LU Baseball team discards bats, picks up brooms

The literacy rate at Loyola is on the rise.

As Loyola starts its second decade in the 21st century, it is seeing an explosion in the number of students who can read.

The results of this boom are

everywhere. Most notable, however, is the baseball team. Due to the recent passing of their only fan, a hobo who lived under the bleachers where they play (where is that?), the team has decided to move in a new direction.

The players have taken their bats, attached pompoms to the end and now run with them between their legs while wearing bath robes.

This incredible shift of direction came after the team’s equipment manager read part of Harry Potter and the Sorcerer’s Stone while hungover in the dugout. How he got the book remains a mystery.

“We were desperate.” Charles DuPont, broom master and former bat boy told reporters.

As if by magic, the team’s fan base has more than quintupled.

“Who knew all we had to do was spray paint the ball gold and glue little pipe cleaner wings to it,” marveled Loyola’s star keeper and former catcher.

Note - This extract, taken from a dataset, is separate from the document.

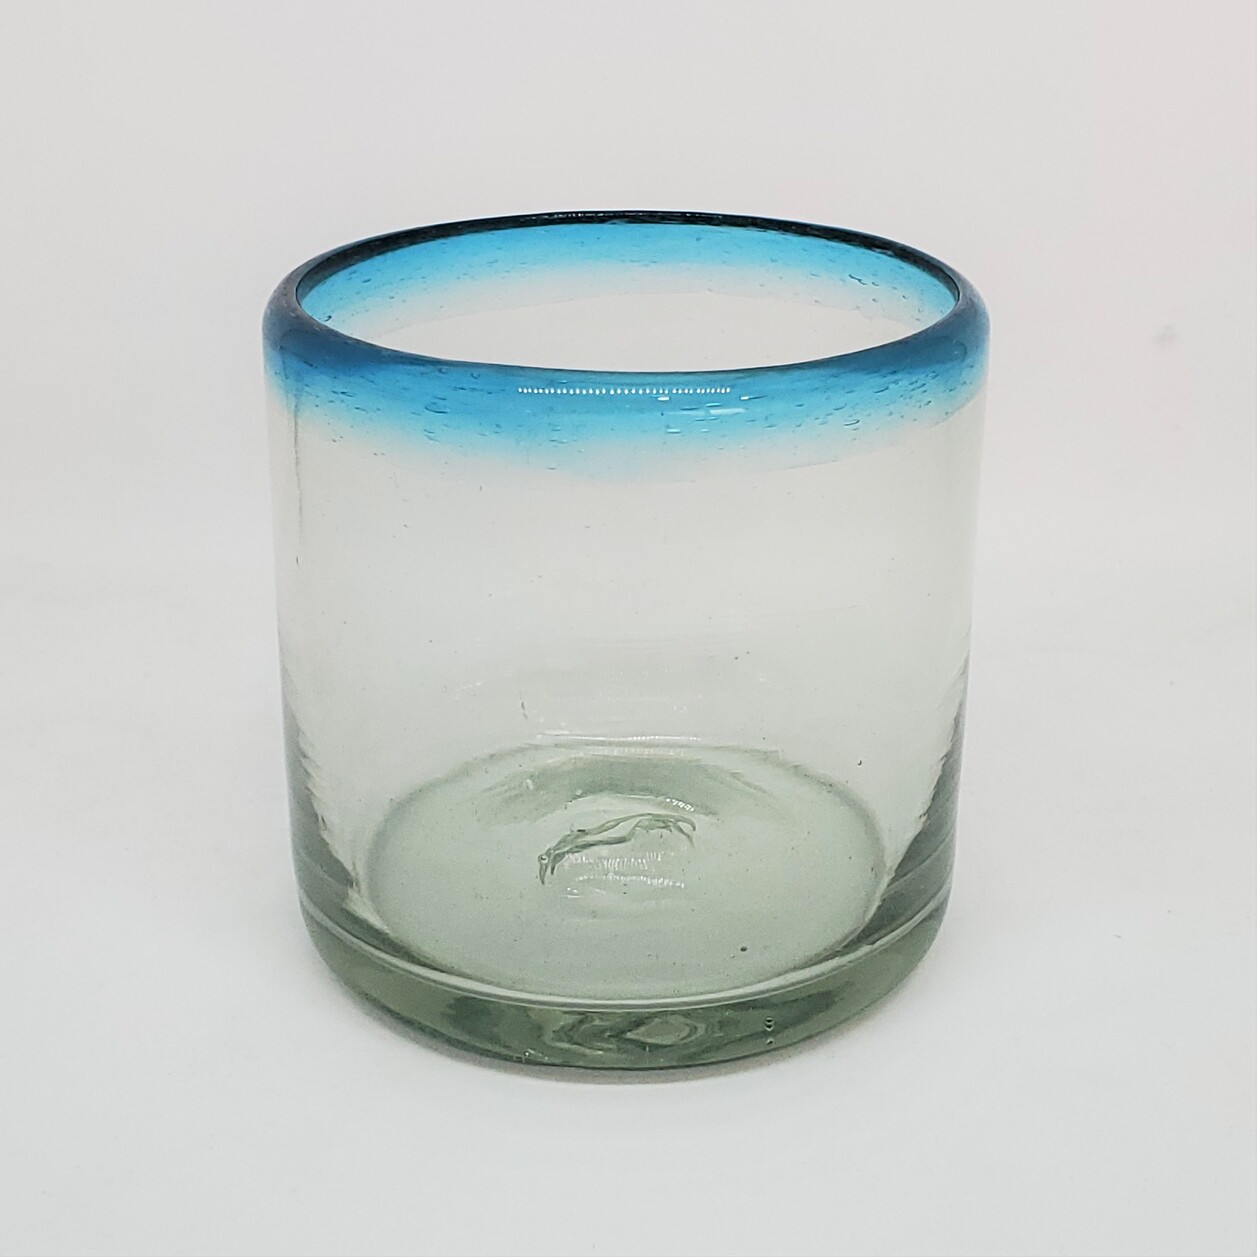 New Items / Aqua Blue Rim 8 oz DOF Rocks Glasses (set of 6) / These glasses are just the right size to enjoy fresh squeezed fruit juice in the moning.
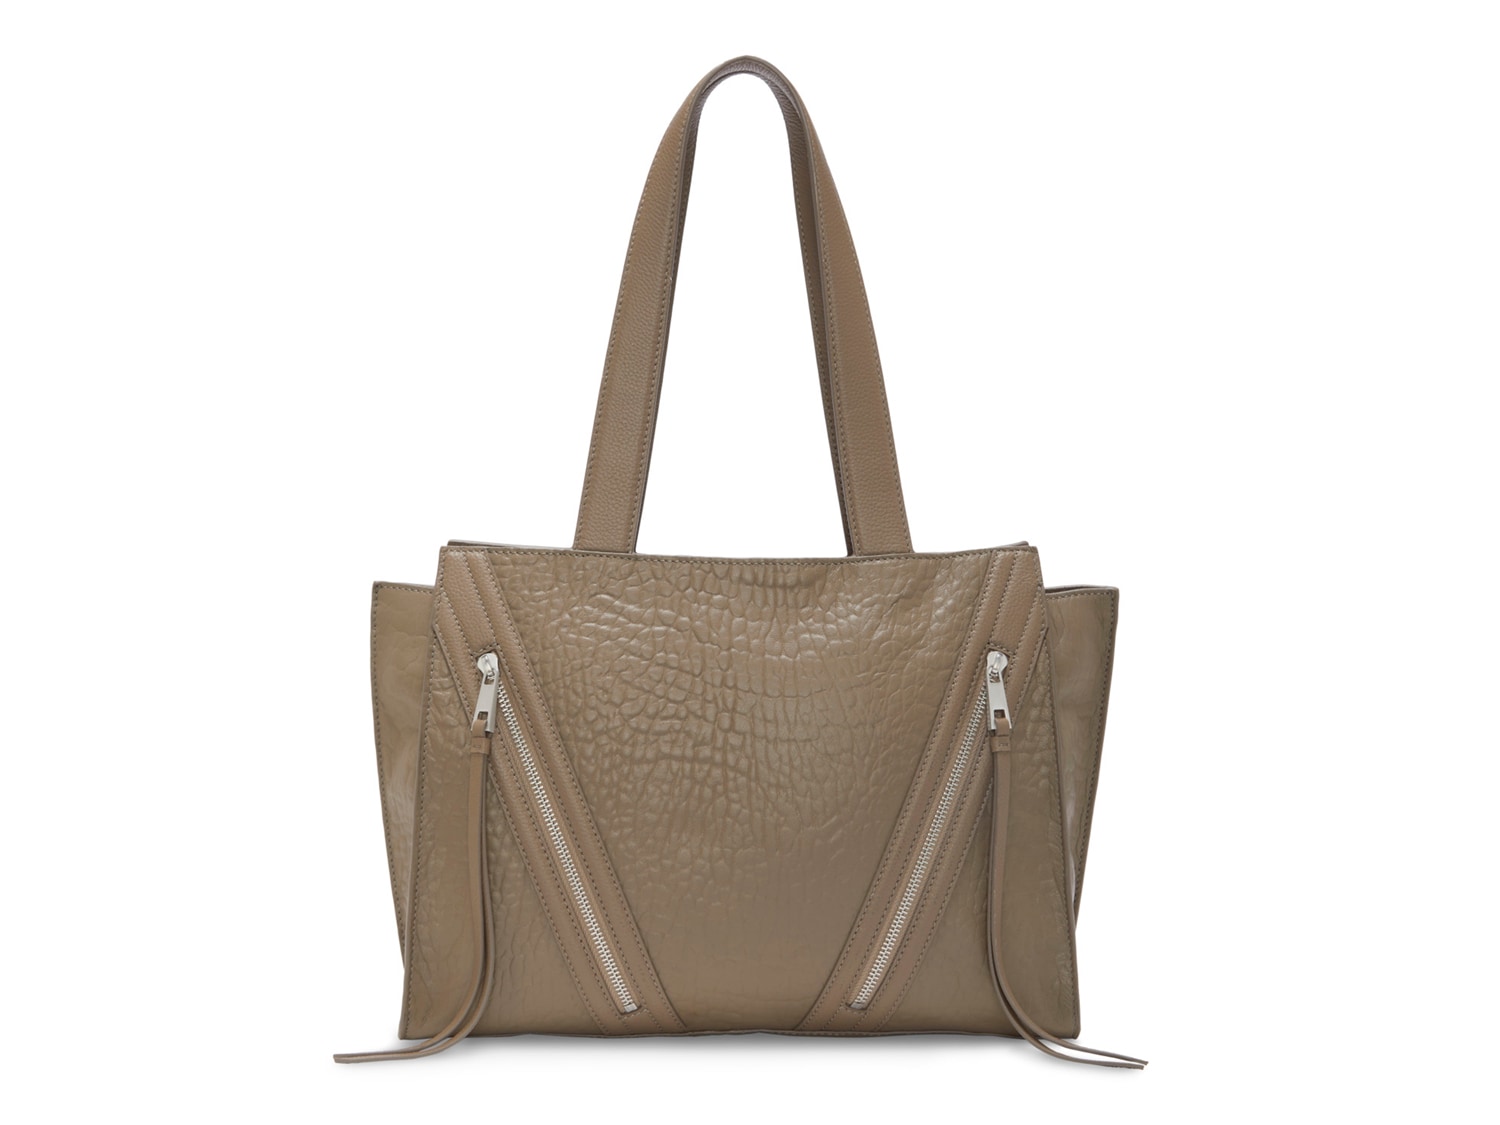 Vince Camuto Wayhn Leather Tote - Free Shipping | DSW

It is still unsure where the Loyola Quidditch team plays. The fact that there are no International Quidditch Association sanctioned pitches here in New Orleans only muddies the issue.

A student poll of one student suggested that the only way to get to the pitch is via a portkey disguised as Dr. Cotton’s left shoe. This remains to be proven.

Brett Simpson, Associate Athletic Director suggests that running at full speed into the small space between the doors that lead into the RecPlex with a shopping cart and a live owl is a good start.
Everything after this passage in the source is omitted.